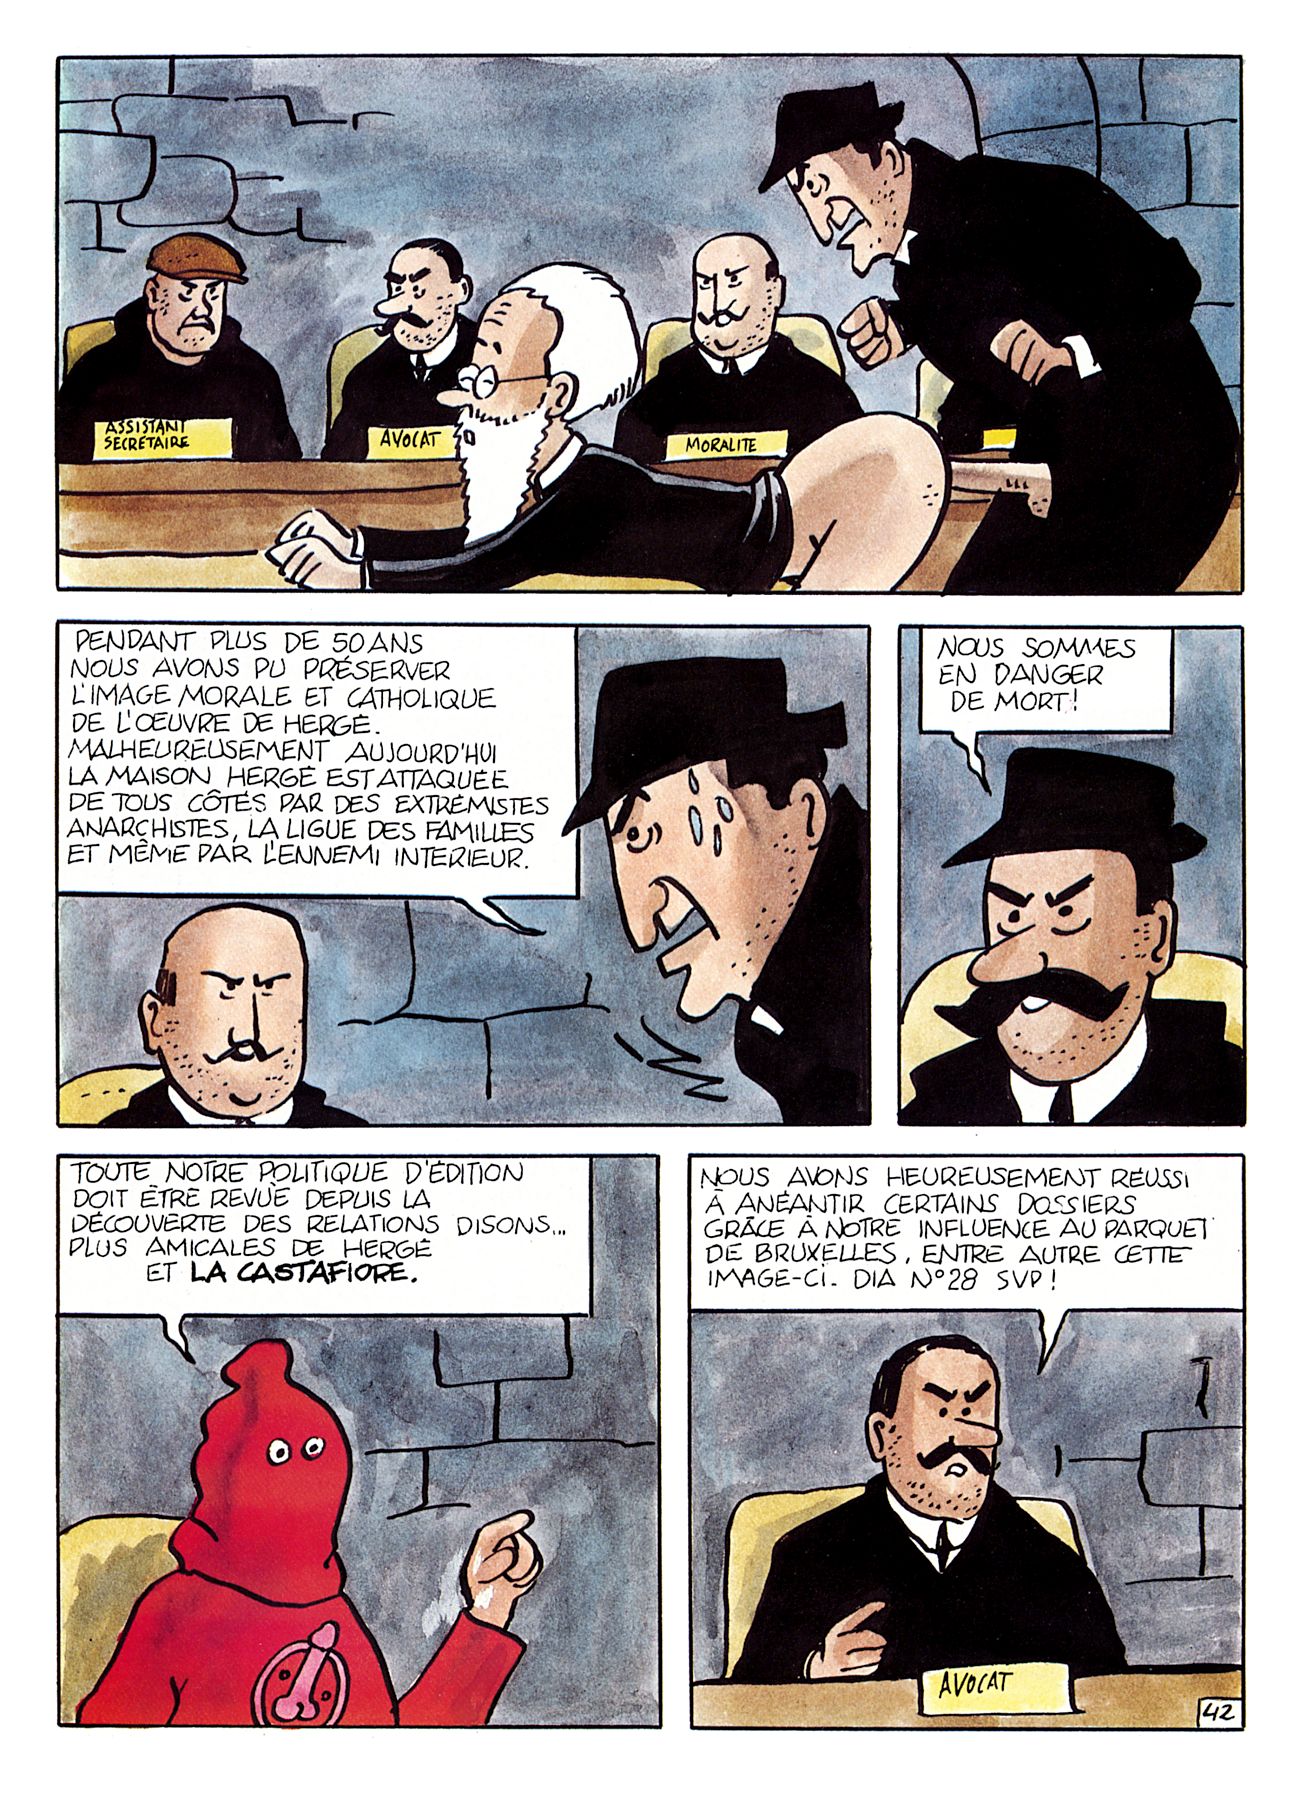 La-Vie-Sexuelle-De-Tintin-1992-All-64-pages-French-page42--Gotofap.tk--49270287.jpg
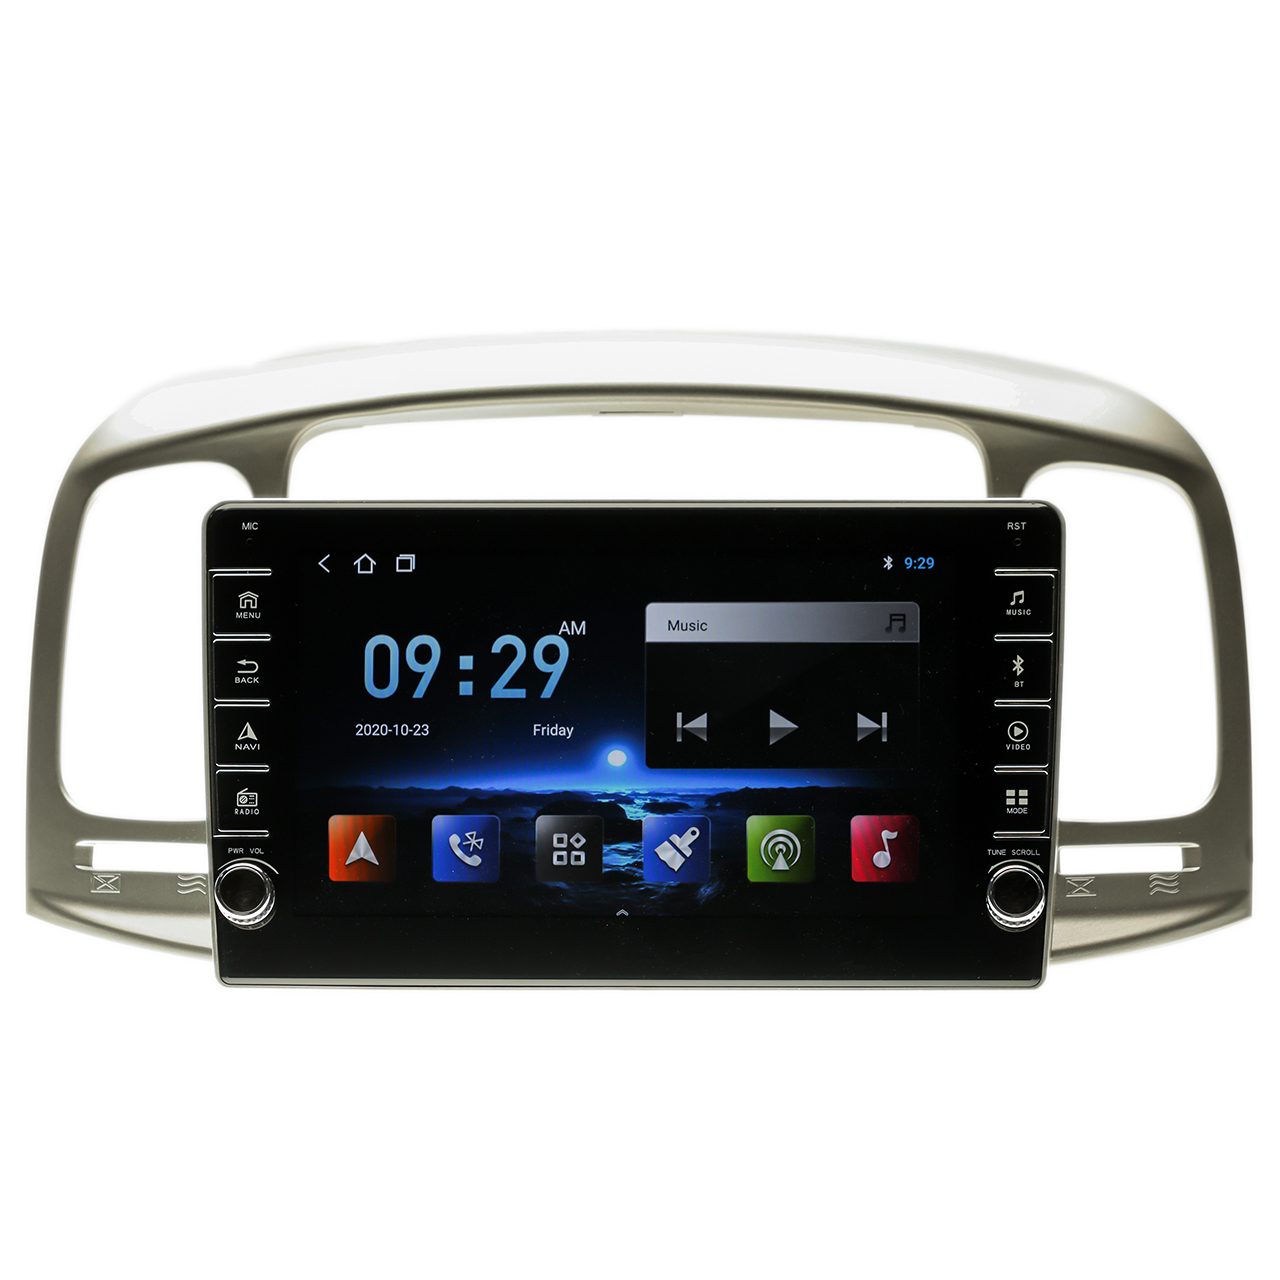 Navigatie AUTONAV PLUS Android GPS Dedicata Hyundai Accent 2005-2011, Model PRO Memorie 16GB Stocare, 1GB DDR3 RAM, Butoane Laterale Si Regulator Volum, Display 8
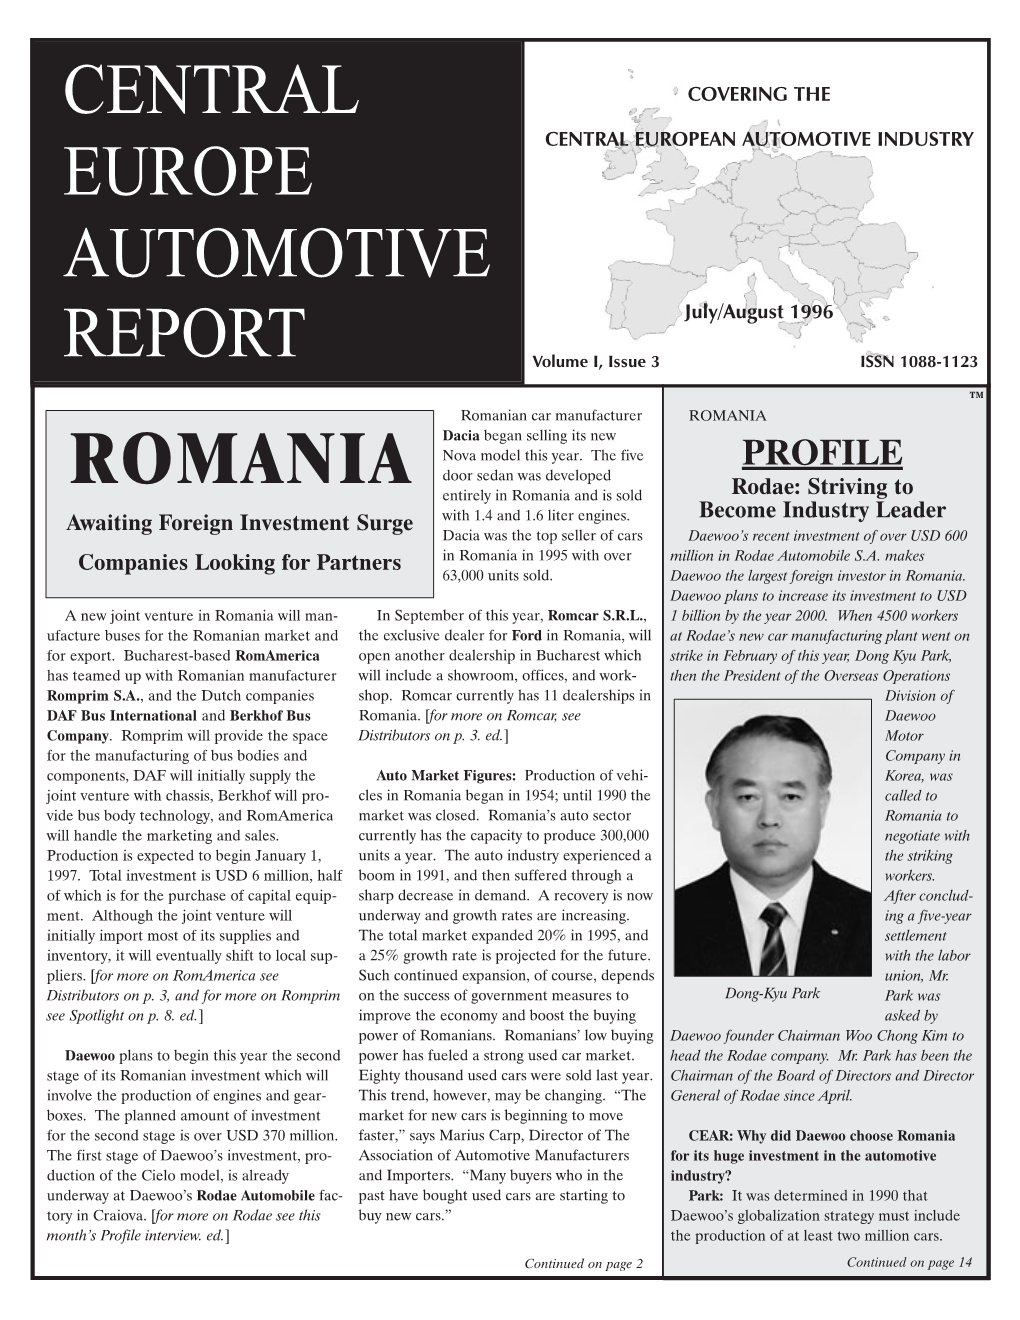 Romanian Car Manufacturer ROMANIA Dacia Began Selling Its New Nova Model This Year

***

* EXERCISE GOAL:
Reproduce verbatim every line starting at the line that holds "Navigatie AUTONAV PLUS" and ending with the final line of the data; omit the pictures.

* REPLY TO THE EXERCISE:
 Navigatie AUTONAV PLUS Android GPS Dedicata Hyundai Accent 2005-2011, Model PRO Memorie 16GB Stocare, 1GB DDR3 RAM, Butoane Laterale Si Regulator Volum, Display 8
 Romanian Car Manufacturer ROMANIA Dacia Began Selling Its New Nova Model This Year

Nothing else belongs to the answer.